====== EXERCISE DATA

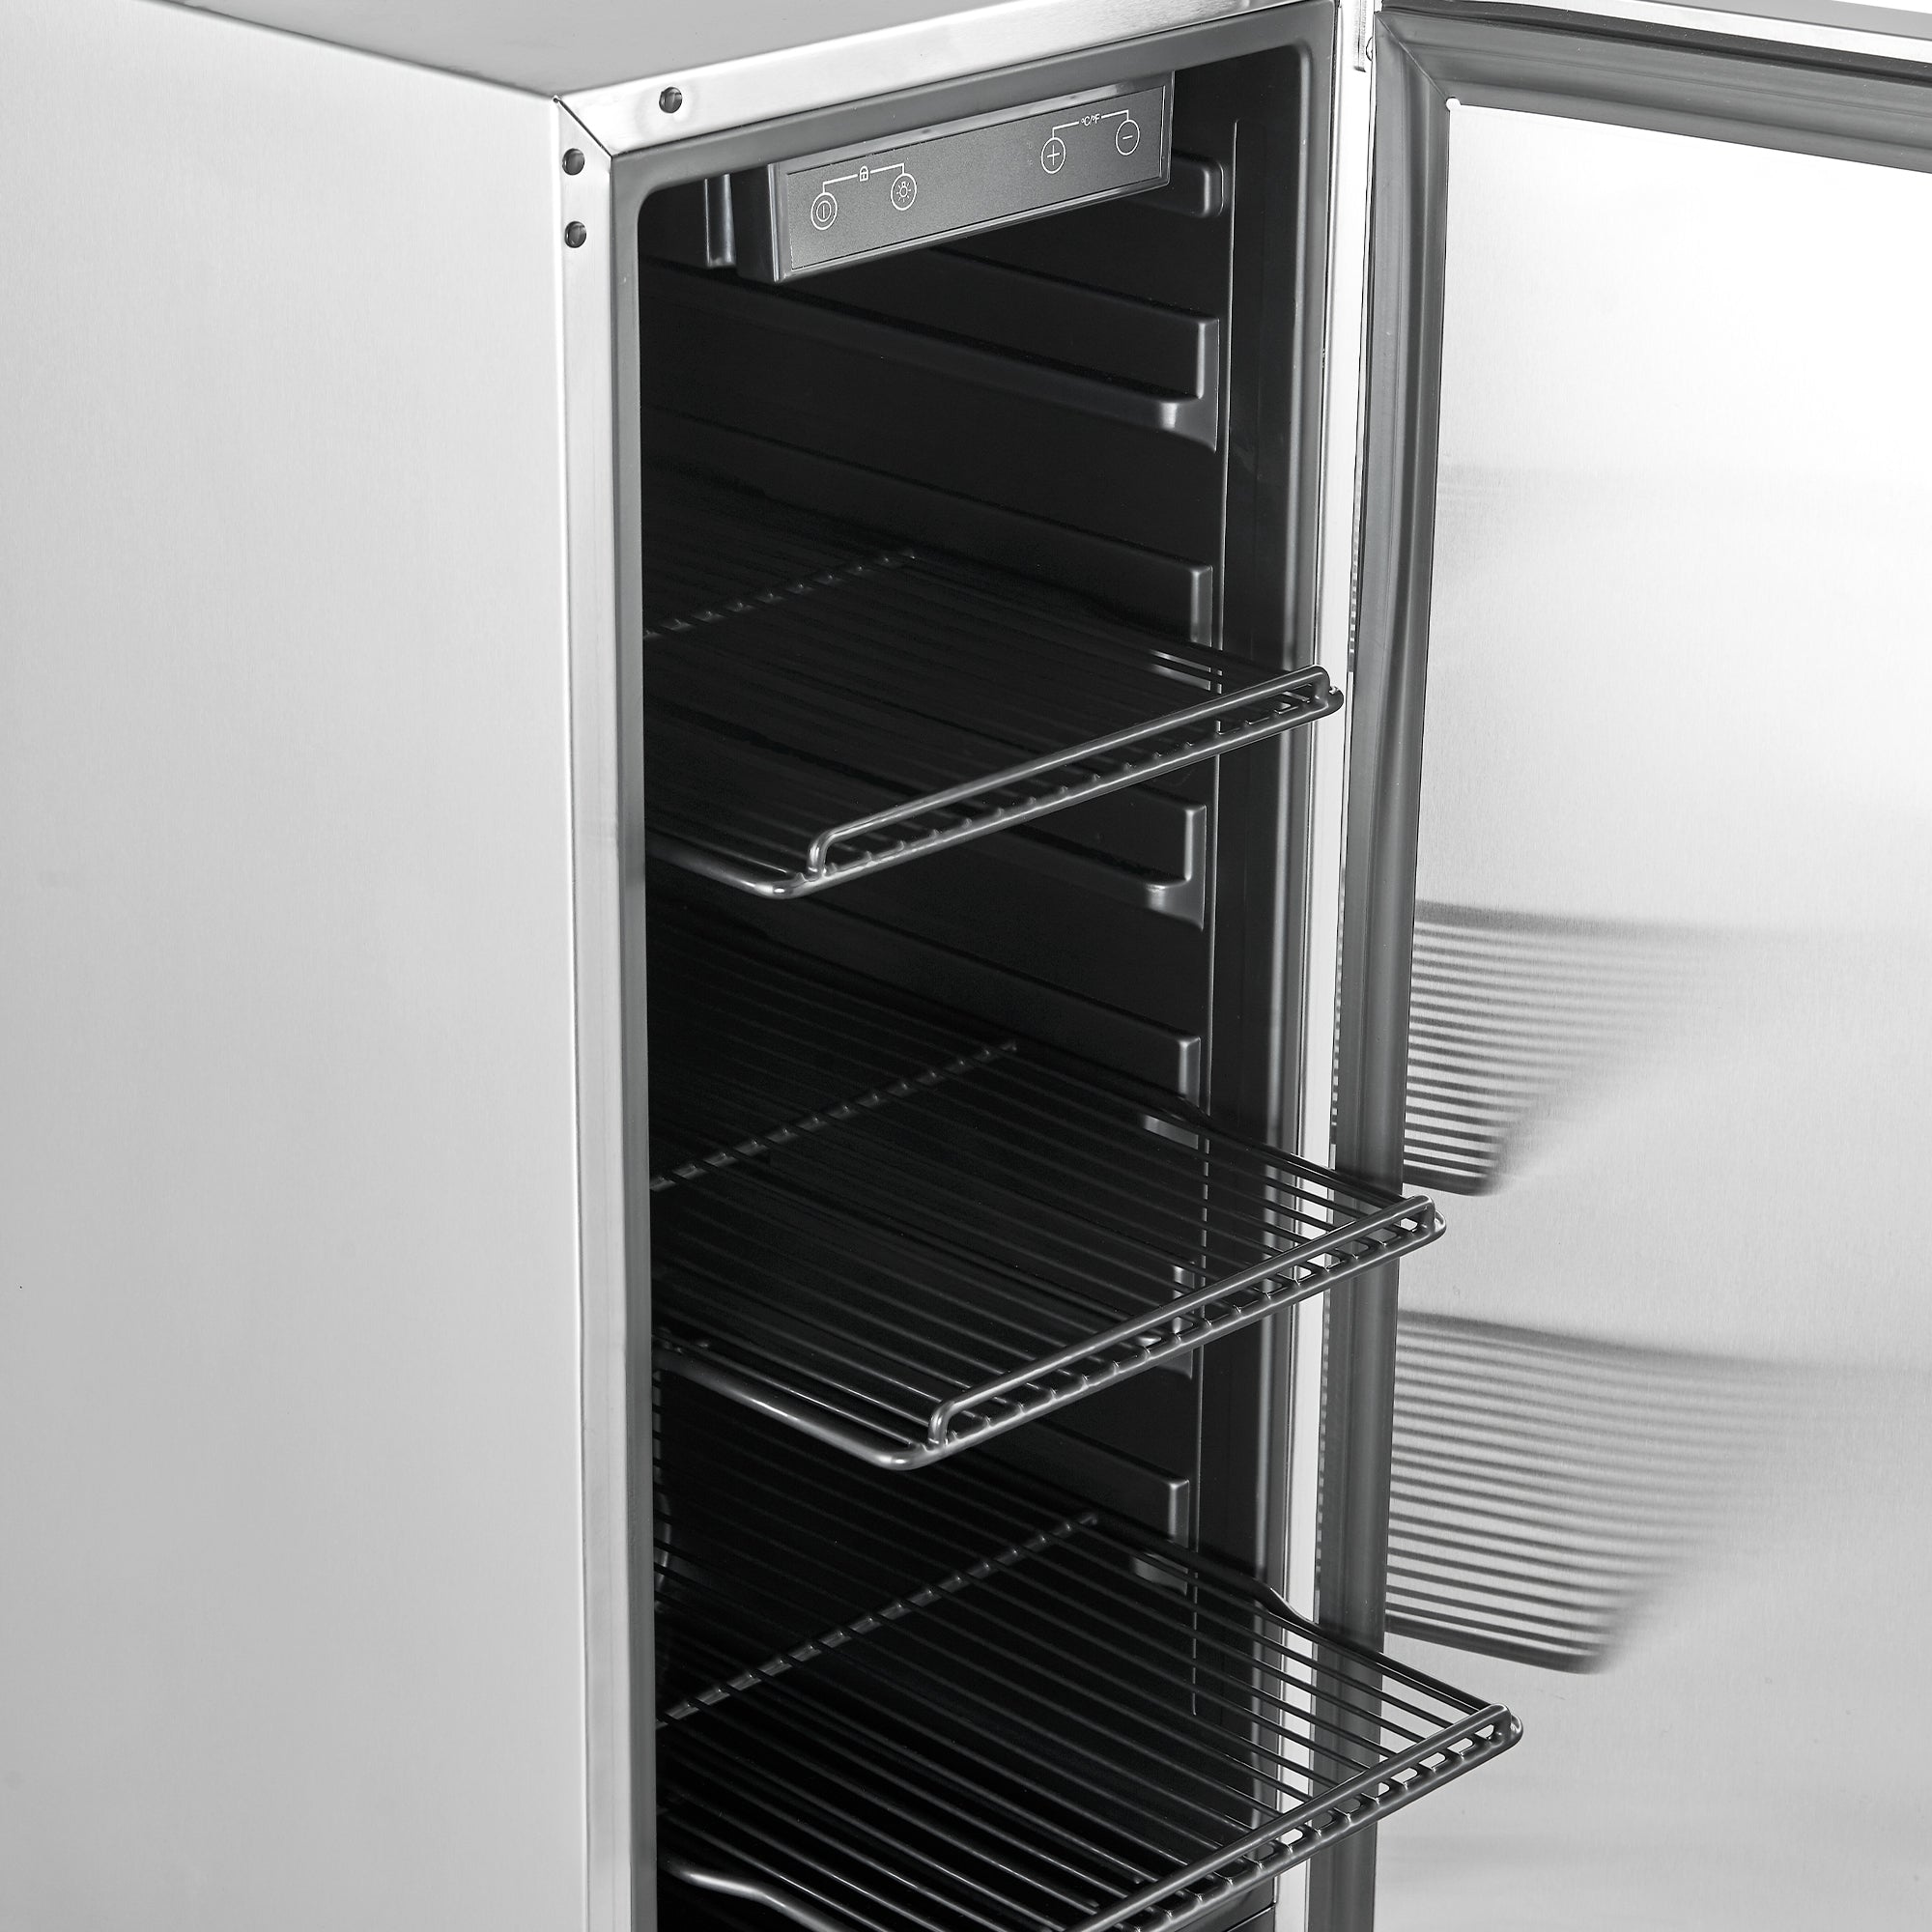 Close-up side view of a 3.2 Cu Ft Chrome Beverage Outdoor Refrigerator 96 cans with the door open, revealing three interior shelves and a digital temperature control panel
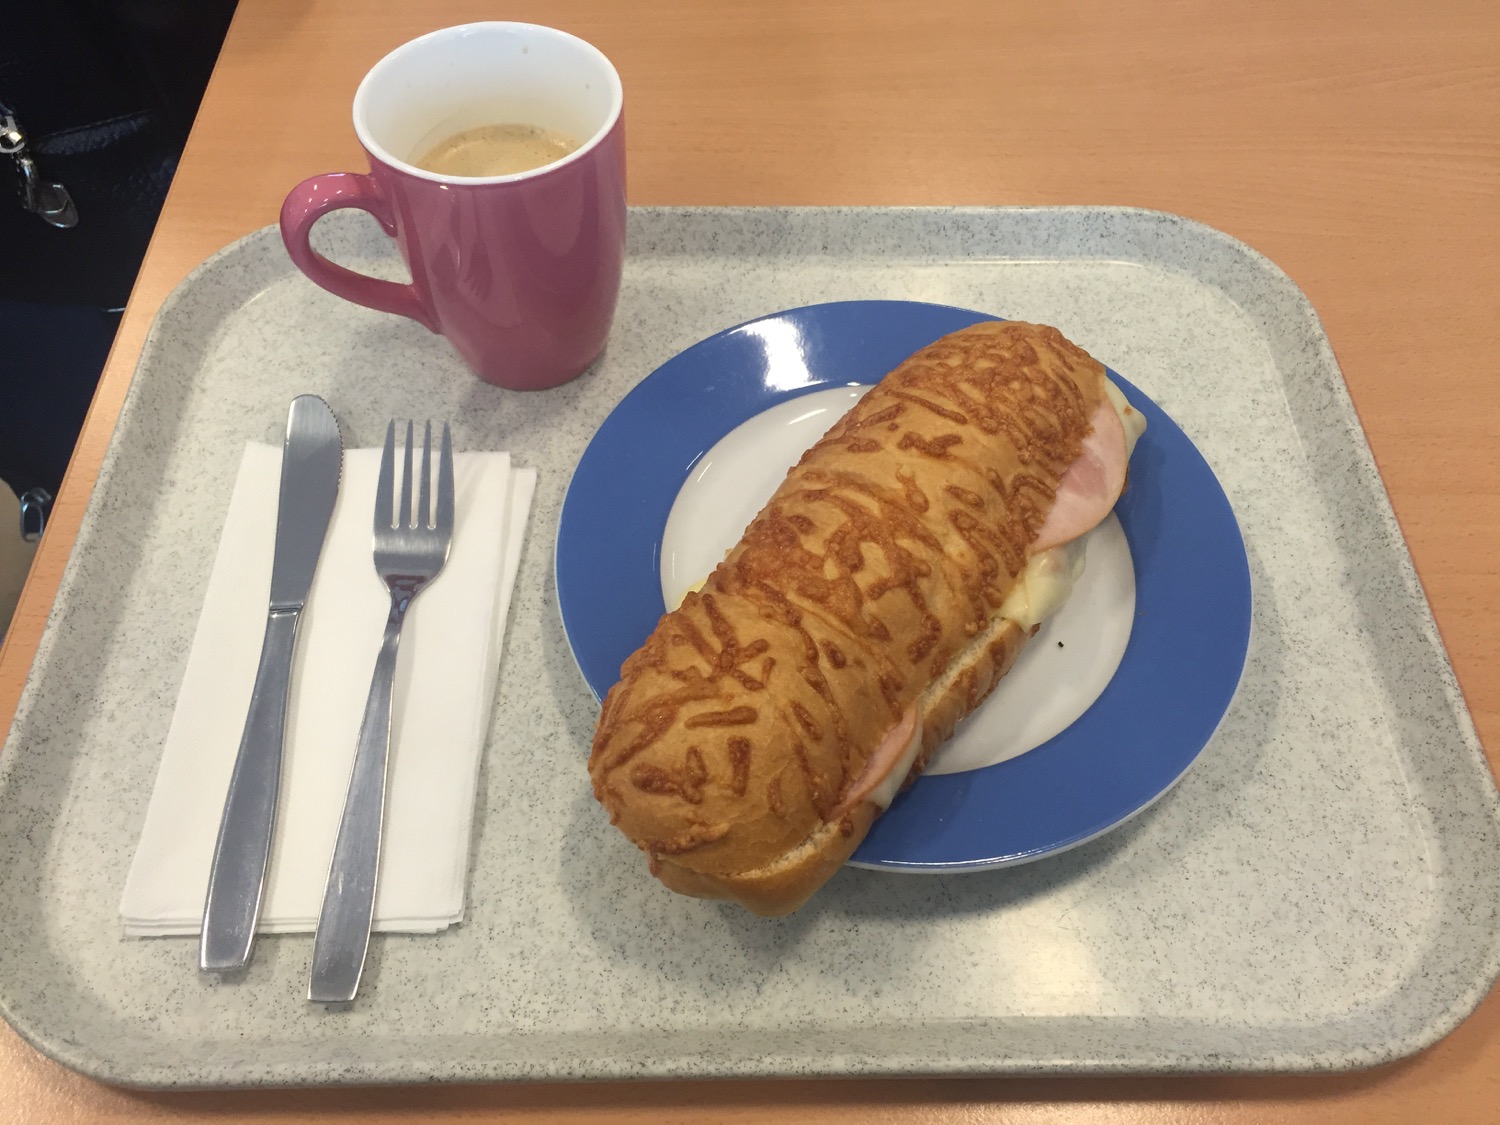 a sandwich on a plate with a cup of coffee and silverware on a tray
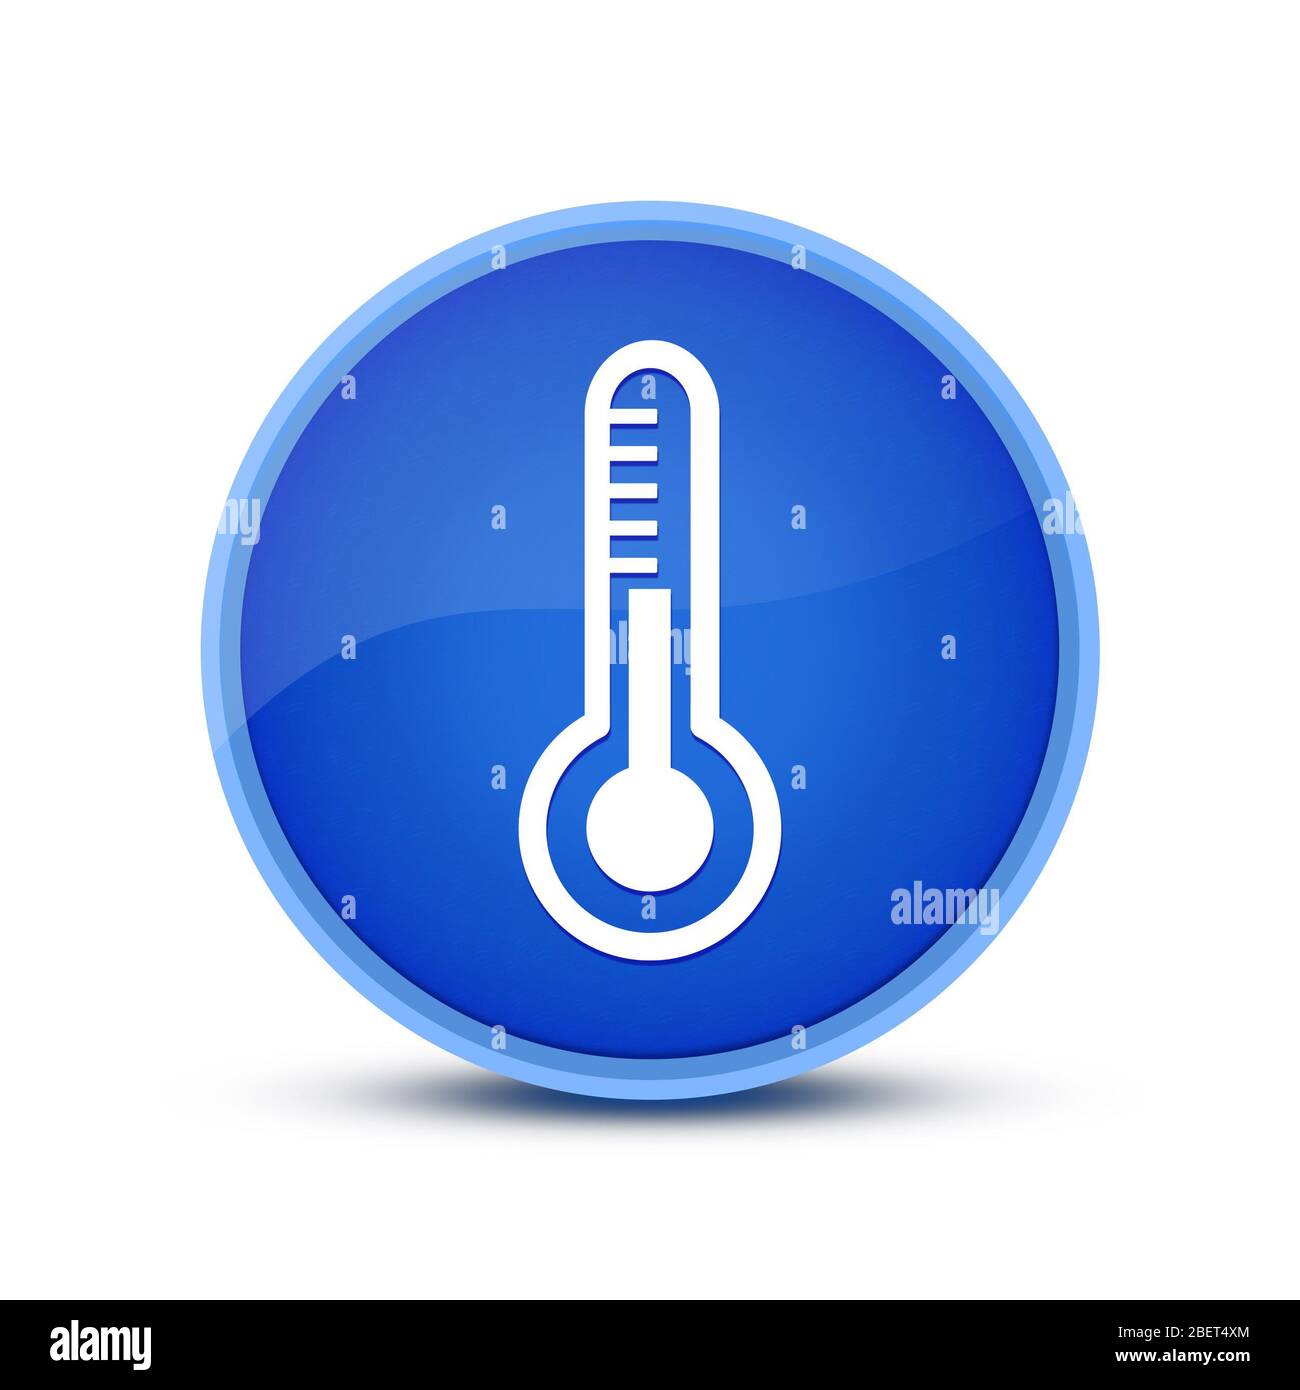 Thermometer icon isolated on special blue round button abstract illustration Stock Photo
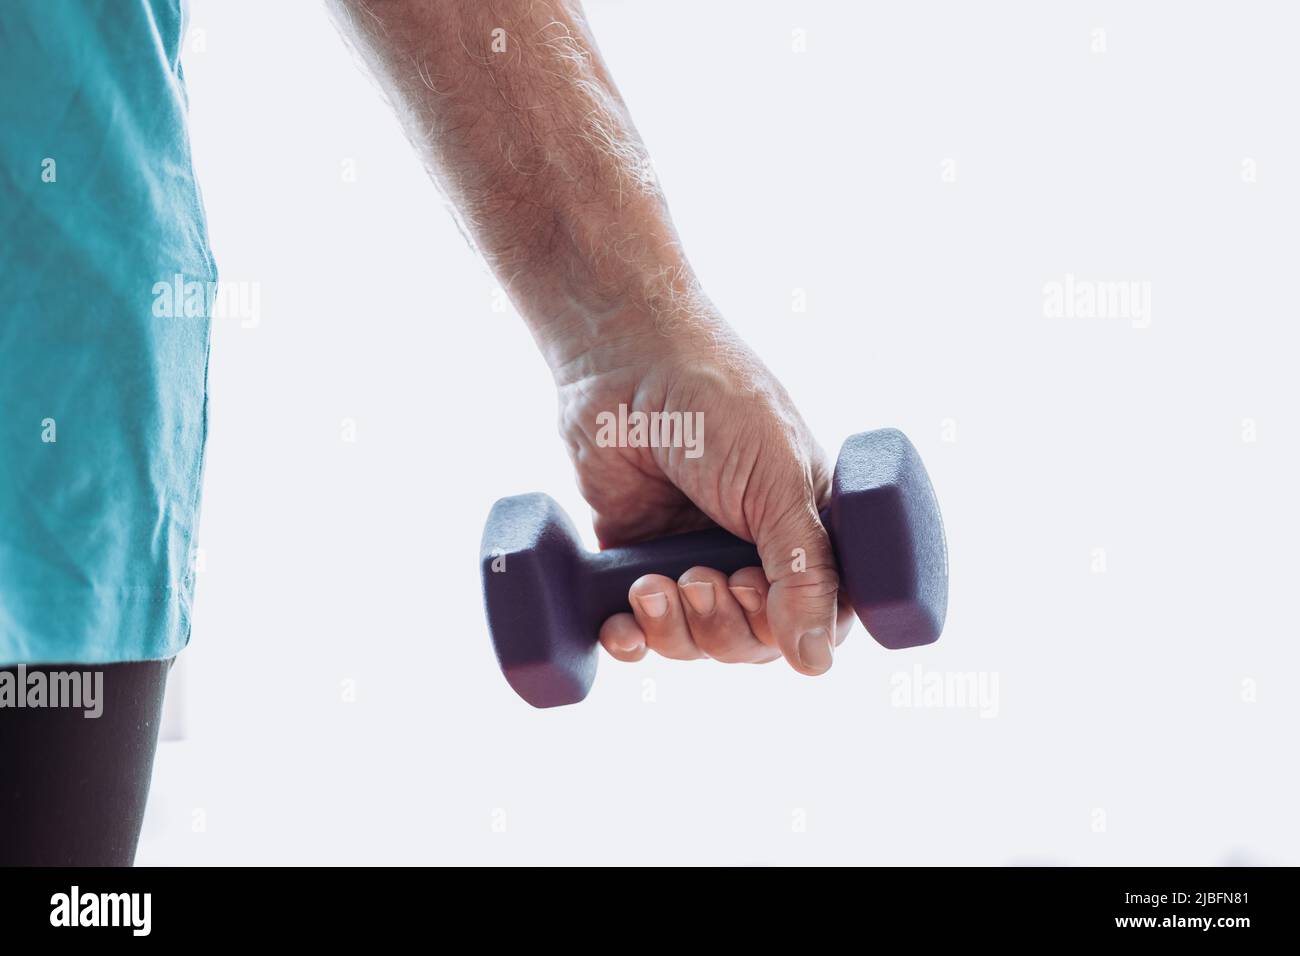 Cropped unrecognizable senior male arm in sportswear doing exercise with dumbbells during fitness workout in morning at home Stock Photo

============

■ ASSIGNMENT
Starting at the line that holds "Thermometer icon isolated", repeat every line through the end of the listing exactly as written, skipping any picture.

■ EXERCISE OUTPUT
 Thermometer icon isolated on special blue round button abstract illustration Stock Photo
 Cropped unrecognizable senior male arm in sportswear doing exercise with dumbbells during fitness workout in morning at home Stock Photo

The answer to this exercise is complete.